A package for adaptive weighted similarity network fusion

Project description

Adaptive Weighted Network Fusion (AWNF): A flexible framework for integrating multi-modality.

AWNF is a Python package designed to implement Similarity Network Fusion (SNF) with an adaptive weighting mechanism. This package is intended for use in computational biology, machine learning, and data science tasks that involve multi-view data, such as genomics, imaging, and clinical data.

The package helps integrate heterogeneous data sources into a single, unified similarity network, which can be used for predictive modeling and analysis.


Installation

To install the awnf package, you can use pip.

Install via PyPI (if published)

pip install awnf

Project links

The source code is available on GitHub.

Usage

Once installed, you can use the awnf package by importing its functions into your Python scripts. Below is an example usage:

Example

# Import necessary functions from the 'weighted_snf' package and other libraries
from awnf import feature_selection, make_affinity_with_weight, SNF_modality_weights, process_feature_weights_and_mad
import pandas as pd
import numpy as np
from sklearn.datasets import make_classification

# Example input data for affinity matrix calculation
# First, generate a synthetic dataset to demonstrate feature selection and affinity matrix calculation

# Generate a classification dataset with 100 samples, 50 features, and 2 informative features
# The dataset will have 2 classes (target variable)
X, y = make_classification(n_samples=100, n_features=50, n_informative=2, n_classes=2, random_state=42)

# Convert the data into a pandas DataFrame for easier manipulation and inspection
X_df1 = pd.DataFrame(X, columns=[f'Feat_mod1_{i+1}' for i in range(X.shape[1])])
y_df1 = pd.DataFrame(y, columns=['Target'])

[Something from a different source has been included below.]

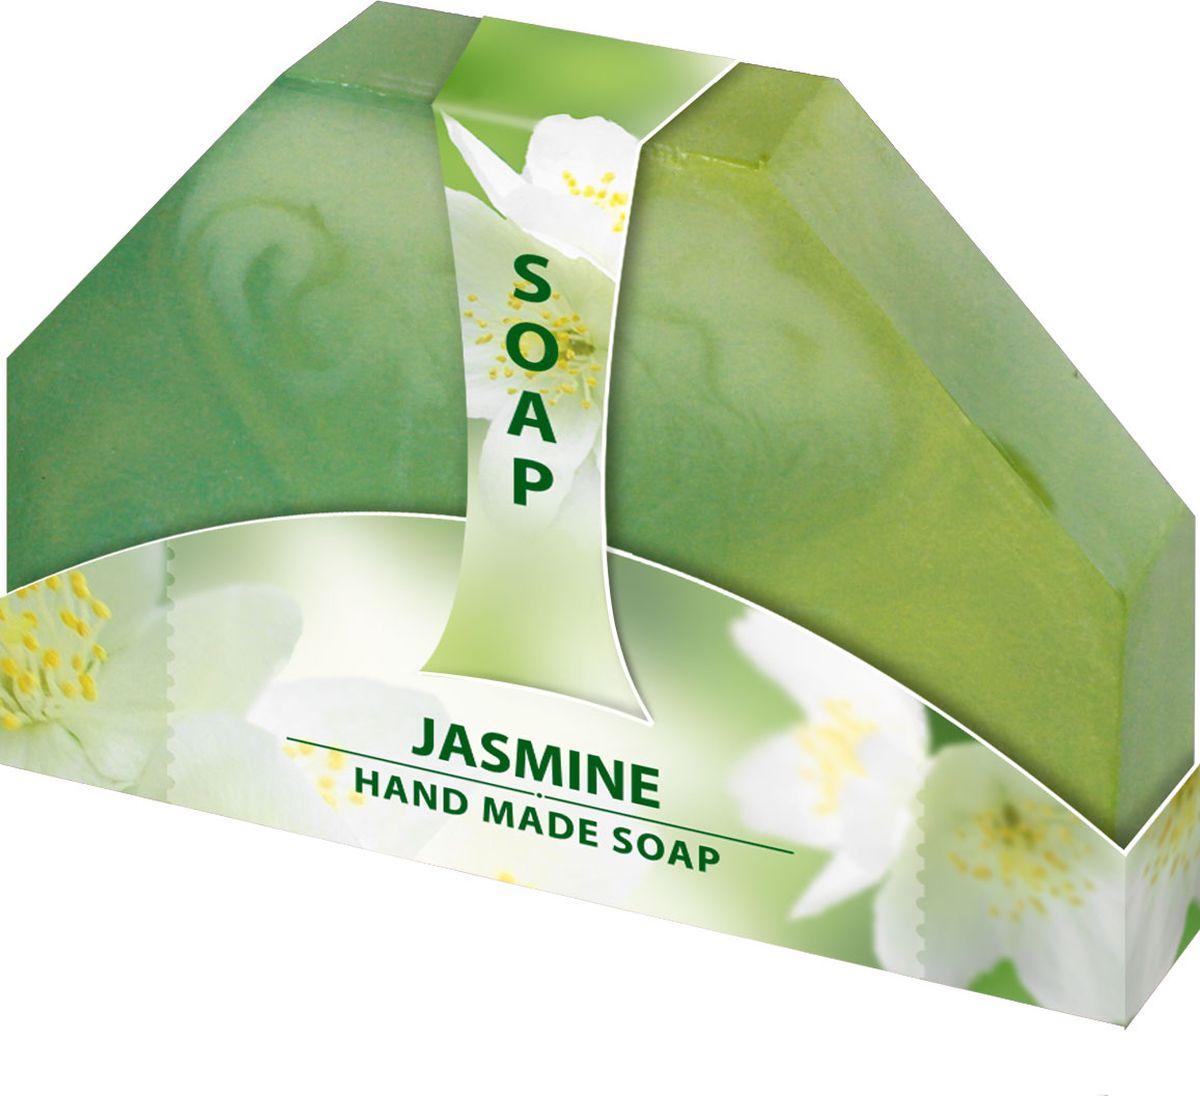 Мыло ручной работы Жасмин Hand made spa collection, 80 г6000728Мыло из нежного природного пальмового масла, содержит натуральный экстракт жасмина. Имеет приятный цветочный аромат, который наполнит вашу душу удовольствием. Наслаждайтесь гладкостью кожи после каждого использования. Очищает и тонизирует кожу, делая ее бархатистой.

# Generate another classification dataset with a different set of features
X, y = make_classification(n_samples=100, n_features=60, n_informative=2, n_classes=2, random_state=42)

# Convert the second dataset to a pandas DataFrame for ease of manipulation
X_df2 = pd.DataFrame(X, columns=[f'Feat_mod2_{i+1}' for i in range(X.shape[1])])
y_df2 = pd.DataFrame(y, columns=['Target'])

# Display the first few rows of the first dummy dataset (X_df1 and y_df1)
print(X_df1.head())
print(y_df1.head())

# Perform feature selection using the Boruta algorithm for the first dataset (X_df1)
num_features = 10  # Specify the number of features to select
selected_genes1, feature_ranks1 = feature_selection(X_df1, np.ravel(y_df1), num_features=num_features, n_estimators=100)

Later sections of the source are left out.